Well, now it appears that I'll be getting a new computer in the not so distant future and I'd like to make sure that I'm happy with the GPU. To that end, I wonder if I could receive some feedback on actual user experiences. I am specifically interested in how CUDA and OpenGL work with midline Mac Laptops and Desktops. Laptops seem to run NVIDIA GeForce 640M or 650M GPUs, while desktops are more flexible going up to the 675 or higher in iMacs.

So, does CUDA run on these machines? Specifically, does at least the following return True:

(* Warning - a large package is loaded from Wolfram Research *)
Needs["CUDALink`"];
CUDAQ[]

(* Out: False *)

I am aware, of course, of the systems requirements documentation here: http://reference.wolfram.com/mathematica/CUDALink/tutorial/Reference.html#1803279895

That page indicates that CUDA does not run on 600 level GeForce GPUs, but I have a hard time believing that CUDA still is not running on main-line Macs at this point.
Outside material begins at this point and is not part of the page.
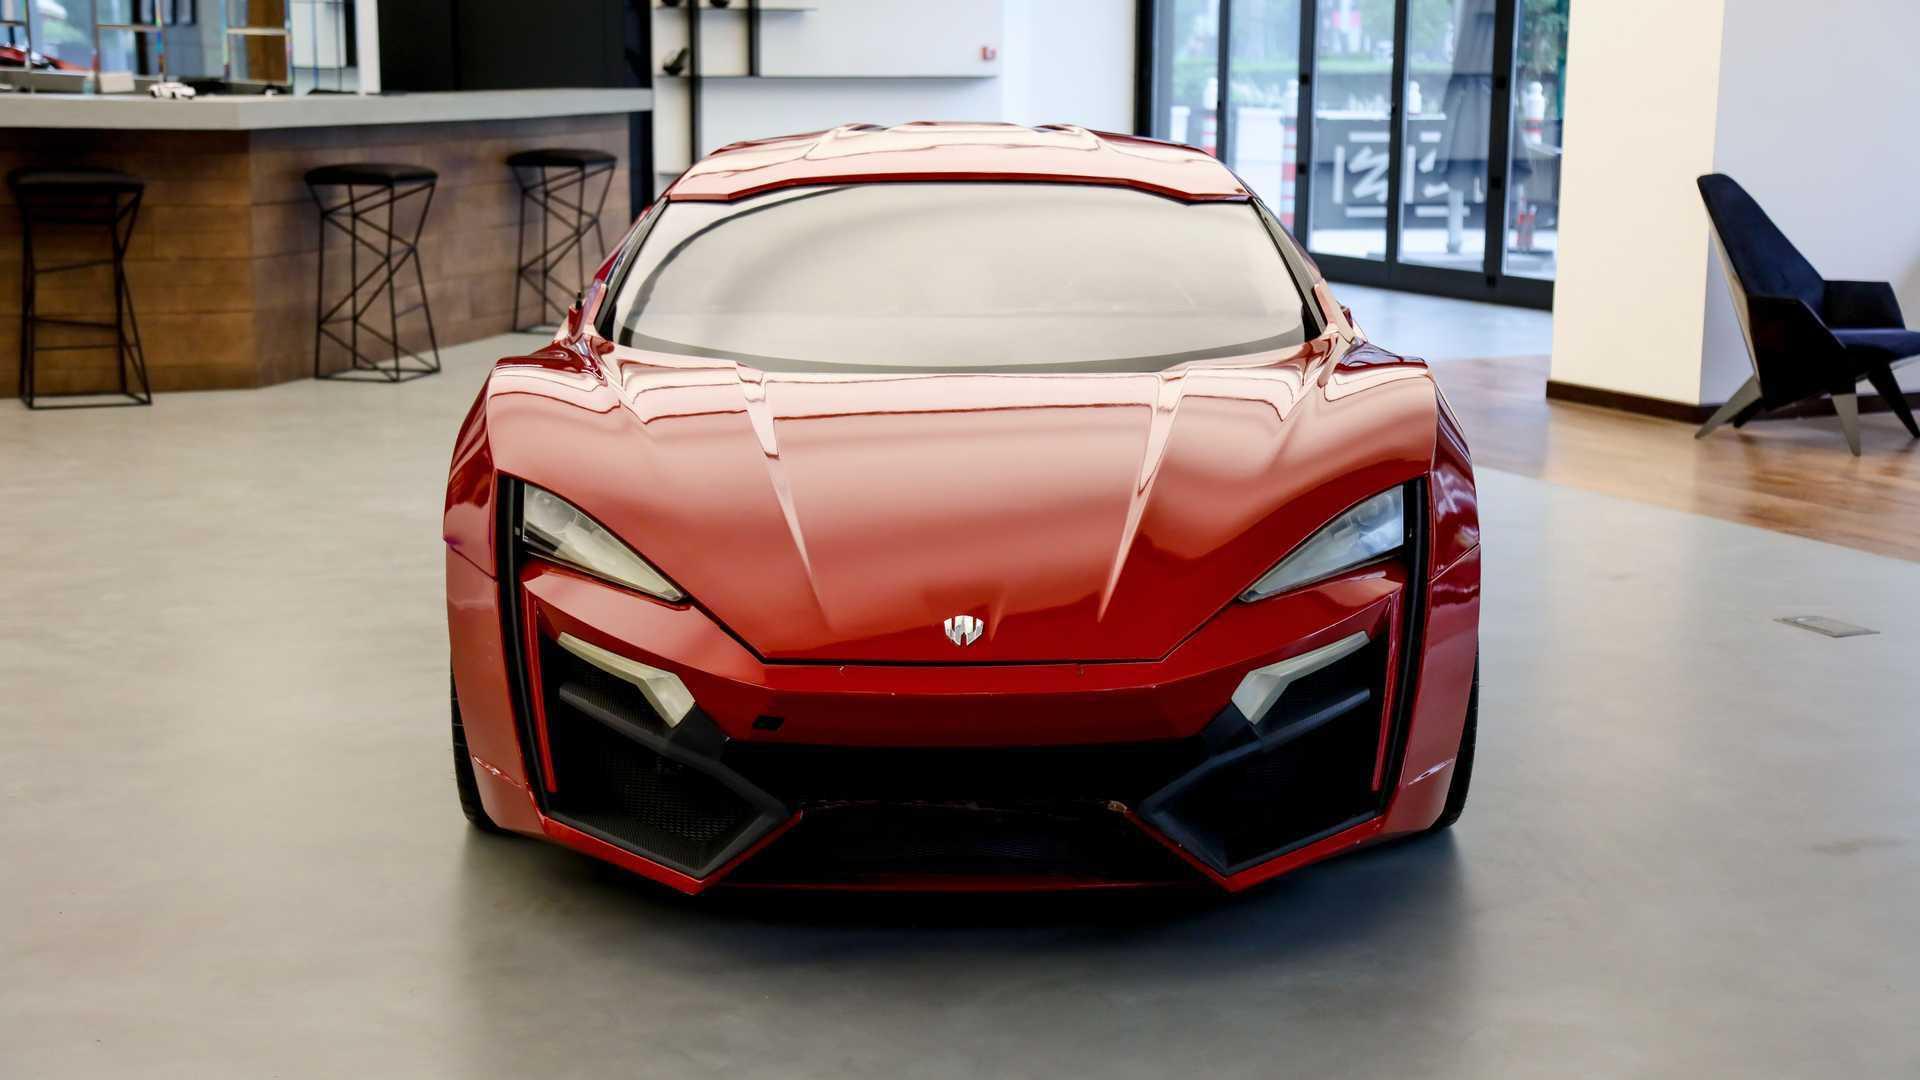 Lykan_HyperSport_stunt_car_sale-0002
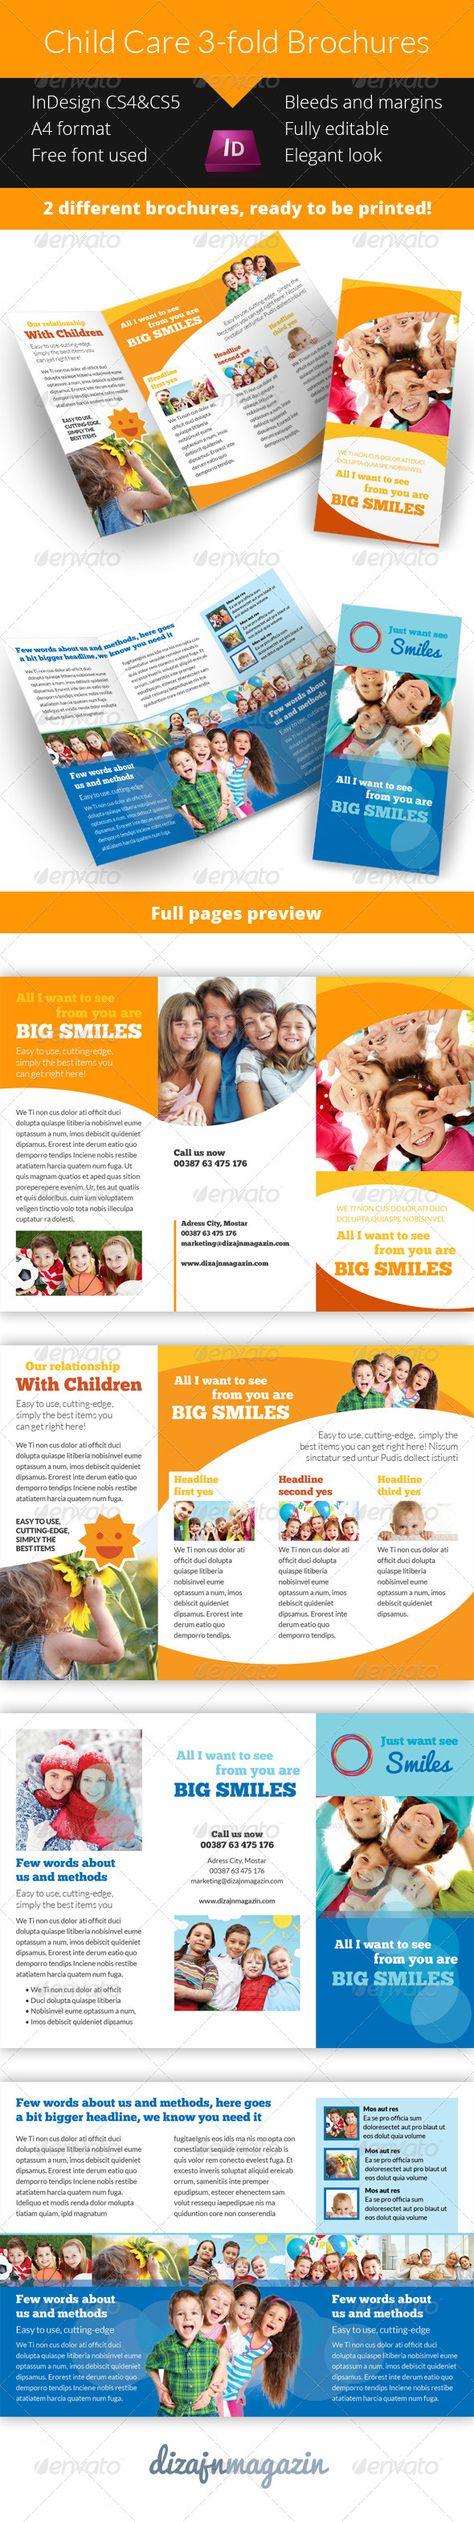 Child Care Kindergarten 3 Fold Brochure Pinterest Brochures

Furthermore, NVIDIA's information seems to conflict with this here: https://developer.nvidia.com/cuda-gpus

Hence, the question.

Also, I wonder if folks wouldn't mind trying a little test - say, generate a Mandelbrot set, since I'm quite curious about the relative speed of GPUs as accessed through Mathematica. To that end, here's a simple OpenCL program that generates escape times counts to generate a Mandelbrot image. Note that the blockSize parameter can be changed. I'm not an expert on GPU programming, but I believe that higher end GPUs generally allow higher block sizes and that larger block sizes permit more parallelization. My computer allows a blockSize of 16 or lower; lowering the blockSize generally slows down the computation.

Needs["OpenCLLink`"];
blockSize = 16;
code = "
  __kernel void mandel_kernel(__global Real_t *mSet, int xRes, int yRes, 
     Real_t xMin, Real_t xMax, Real_t yMin, Real_t yMax) {
     int xIndex = get_global_id(0);
     int yIndex = get_global_id(1);
     int i;

     Real_t cx = xMin + xIndex*(xMax-xMin)/xRes;
     Real_t cy = yMin + yIndex*(yMax-yMin)/yRes;
     Real_t x = cx;
     Real_t y = cy;
     Real_t tmp;

     if (xIndex < xRes && yIndex < yRes) {
         for (i = 0; i < MAX_ITERATIONS && x*x + y*y <= BOUND_SQUARED; i++) {
            tmp = x*x - y*y + cx;
            y = 2*x*y + cy;
            x = tmp;
        }
        mSet[xIndex + yIndex*yRes] = i;
      }
  }
  ";
If[OpenCLQ[] === True,
  mandelCalculate = OpenCLFunctionLoad[code, "mandel_kernel", {{_Real, _, "Output"}, 
    _Integer, _Integer, _Real, _Real, _Real, _Real}, {blockSize, blockSize}, 
    "Defines" -> {"MAX_ITERATIONS" -> 100, "BOUND_SQUARED" -> "4.0"}],
  Print["I'm sorry, your computer is even lamer than Mark's!"]
];

Assuming your computer actually passes the test, the following will actually run the program for an xRes by yRes square.

xRes = 1500; yRes = 1500;
(mSet = OpenCLMemoryAllocate[Real, {xRes, yRes}];
 mandelCalculate[mSet, xRes, yRes, -2.0, 0.6, -1.3, 1.3];
 data = OpenCLMemoryGet[mSet]); // AbsoluteTiming

(* Out: {0.065236, Null} *)

Yeah, that's pretty fast. The computation was performed on the following GPU.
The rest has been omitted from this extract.